Buried in the headlines, very intentionally, I'm sure, among many other intentionally buried or otherwise horrifically mis-reported stories, is the growing movement against the trend of ever-increasing rents and ever-increasing corporate profits in Berlin. In Berlin, protests against gentrification such as the one last weekend involve tens of thousands of people in the street. This would be a decent crowd for a national or even international protest there, but this is mainly just Berliners.

Like Portland, Berlin was recently a city full of artists and cafes and vibrant communities of all sorts, where rent was cheap and life was full of possibility. That all changed in Portland, and it's been changing in Berlin, too.

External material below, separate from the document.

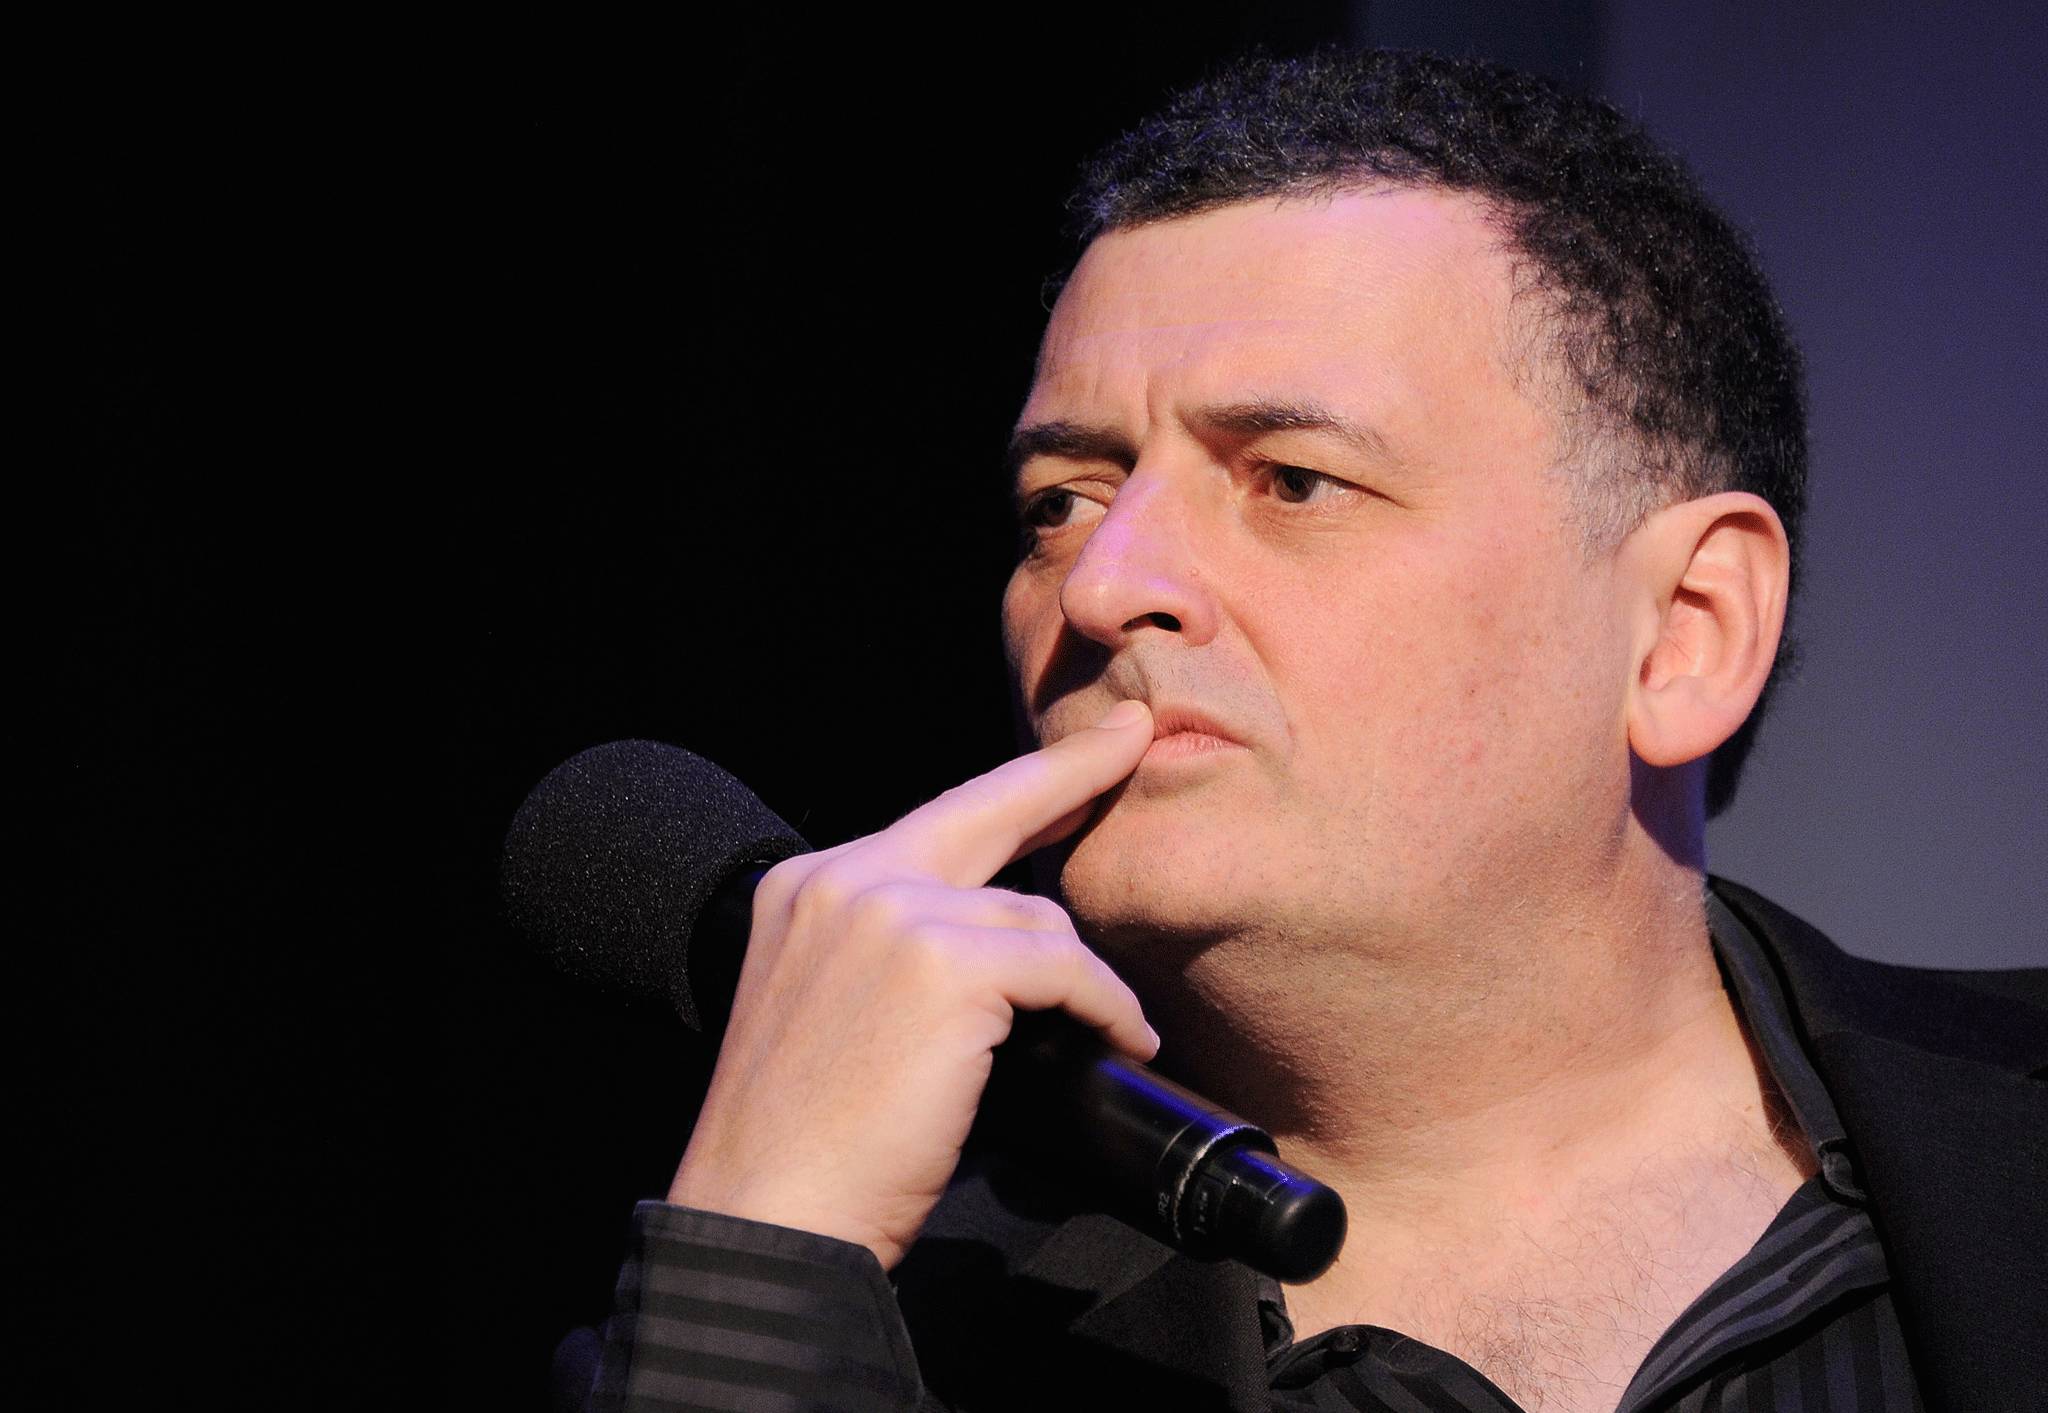 Steven Moffat played down the impact of US TV

But unlike in Portland, where rent used to be cheap because the economy wasn't good enough to support many people who could afford to pay high rents, the city of Berlin -- both east and west -- remained affordable for so long because the lion's share of the housing was public -- owned by the government.

Hundreds of thousands of units were sold to private corporations in recent decades in Berlin, and the result has been gentrification and rapidly rising rents, largely imposed by corporate conglomerates that have absolutely no interest in sustainable community or human rights, but only in the bottom line for their wealthy investors from places like New York, London and Oslo.

This is exactly what's been happening in Seattle, San Francisco and Portland. But unlike our straggly group, often outnumbered by the politicians within the building we're protesting outside of, to say nothing of their staff, Berlin is rising up.

There are many explanations for this difference, but chief among them is the fact that Berlin has a recent history of great, widespread, and inexpensive public housing. People in Berlin, and more broadly in Germany as well as in many other countries, generally grew up with the notion that the government -- again, both in the east and in the west -- has a responsibility to adequately house the citizens of the country. It has long been understood there to be part of the social contract -- why we have a government.

Someday, maybe we'll re-learn this lesson in the United States. In the meantime, may the people of Berlin please show the world how to properly strangle a landlord when the landlord is a faceless corporation -- socialize their property for the common good.